Pour sa part, la Chine construit trop d’infrastructures inutilisées. Grâce à sa production d'énergie d'origine éolienne, elle possède une puissance de 41,86 gigawatts supérieure à celle des Etats-Unis, mais seuls 31,1 gigawatts ont été raccordés au réseau électrique en raison de l’éloignement des lieux de production, la Mongolie intérieure en l’occurrence. Pékin réussit à marier le solaire et l'éolien. Les Chinois investissent également dans les réseaux électriques intelligents (64 milliards d’euros d’ici 2020).

Les responsables chinois ont ainsi pour tâche d'améliorer leurs projets d'infrastructures qui nuisent à l'environnement et rencontrent l'opposition farouche des habitants. Une mobilisation qui fait reculer le pouvoir.

Panne électrique monstre en Inde

Al Jazeera, le 31 juillet 2012

Relations bilatérales : l'Inde et la Chine s’observent en chien de faïence
Après la guerre de 1962, qui a notamment opposé les deux Etats au sujet de l'Arunachal Pradesh, un territoire sur lequel Pékin ne reconnaît toujours pas la souveraineté de son voisin, les griefs se sont accumulés.

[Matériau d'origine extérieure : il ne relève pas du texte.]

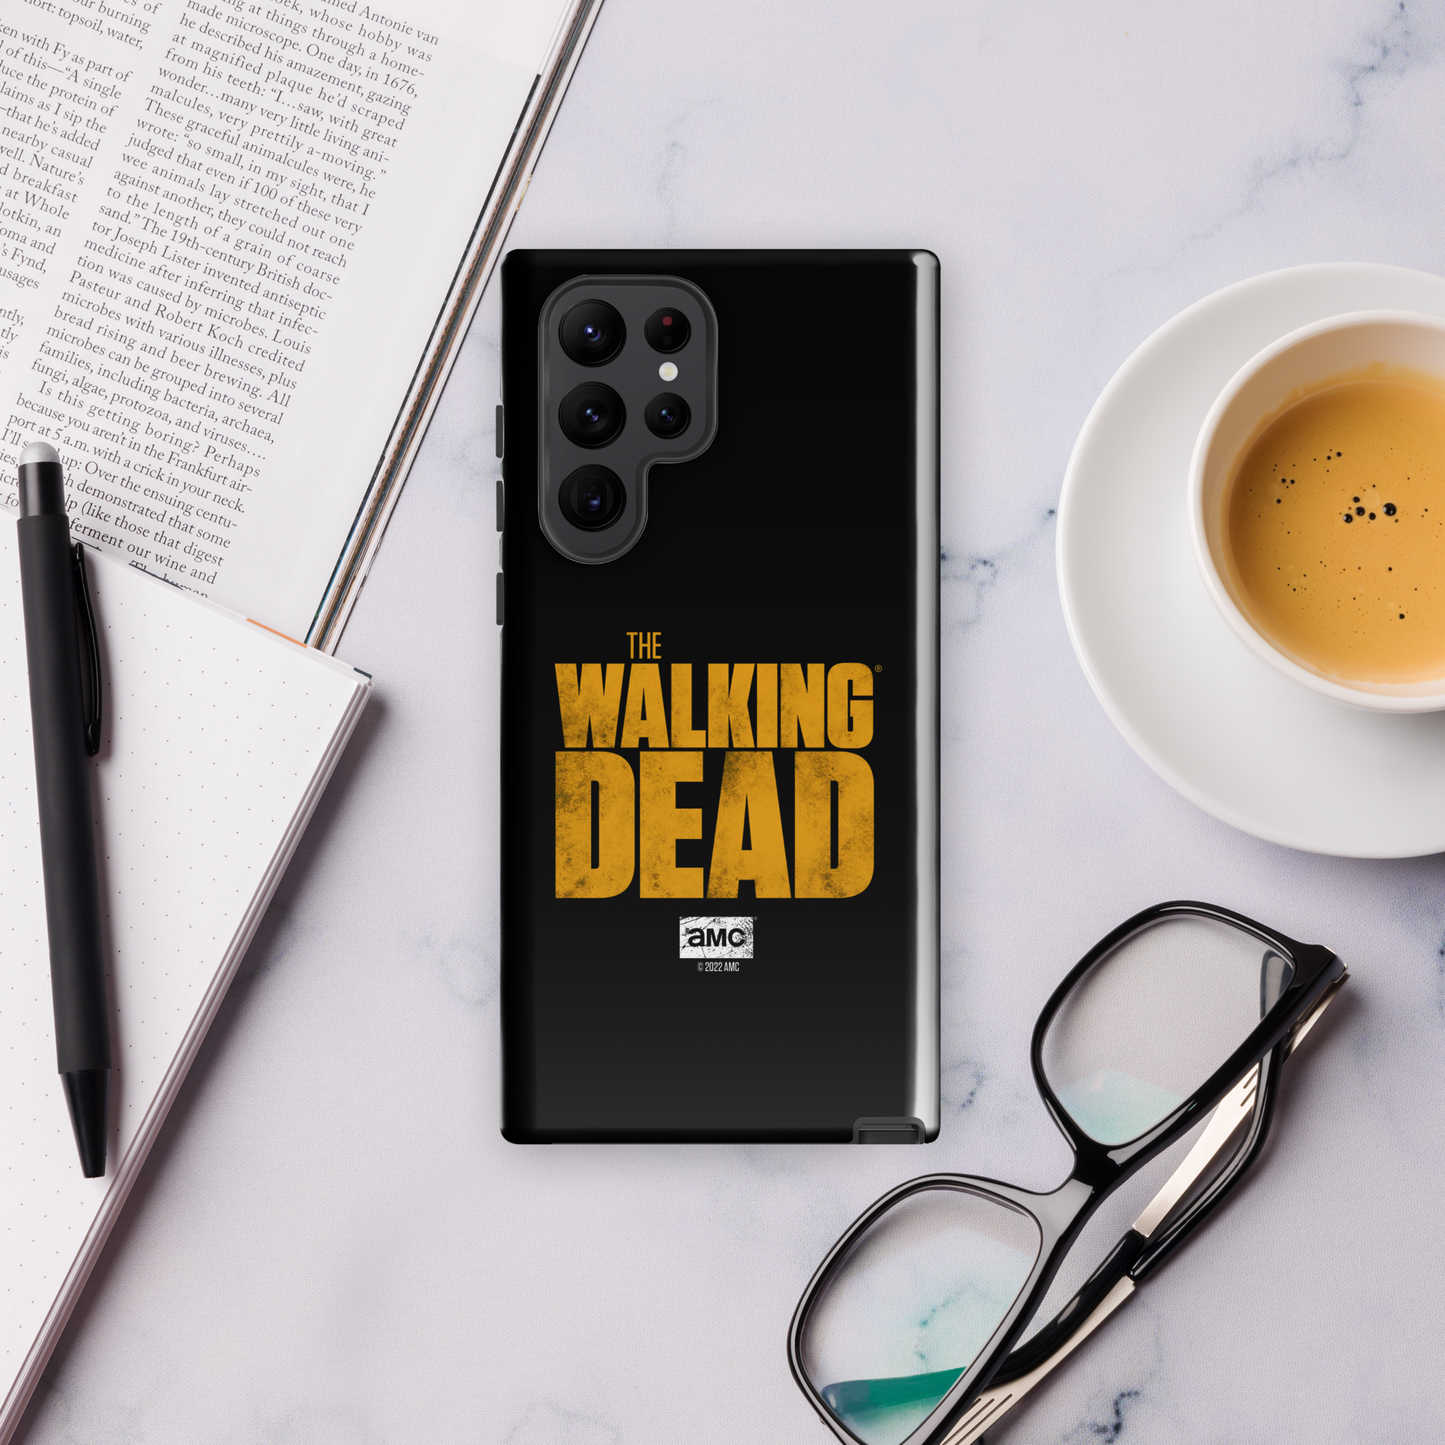 The Walking Dead Logo Tough Phone Case - Samsung

New-Delhi s’est inquiété récemment du rapprochement sino-pakistanais et de la construction d’une centrale en amont du fleuve Bramapoutre. De son côté, Pékin, obnubilé par l'accès à la mer de Chine, voit d'un mauvais oeil les possessions indiennes que sont les îles Andaman, en plein golfe du Bengale. 

Face à ces tensions, chacun a renforcé les liens avec ses voisins. La Chine, proche de la Birmanie et du Sri Lanka, tente de séduire le Népal, l'Iran et le Bangladesh. L'Inde se rapproche, elle, du Vietnam, de Singapour, du Japon et de l'Indonésie.

Conséquence : les armées sont choyées et les moyens de la marine des deux pays sont en augmentation. De plus, Pékin construit des ports jusqu'au détroit d'Ormuz et a lancé une coproduction de chasseurs avec le Pakistan...

L'axe Pékin-New Delhi fonctionne pourtant
Le couple sino-indien a l'occasion de se rencontrer régulièrement lors des réunions internationales. Il défend alors les intérêts des BRICS, pays émergents, en prenant des positions hostiles à l'Occident. L'Inde et la Chine réclament pour ces nations des postes dans les instances internationales, dont un siège au Conseil de Sécurité de l'ONU.

Surprise, le 4 septembre 2012, le ministre de la Défense indienne A.K.Antony a annoncé la reprise des exercices militaires avec la Chine, une coopération qui avait été abandonnée depuis 2008.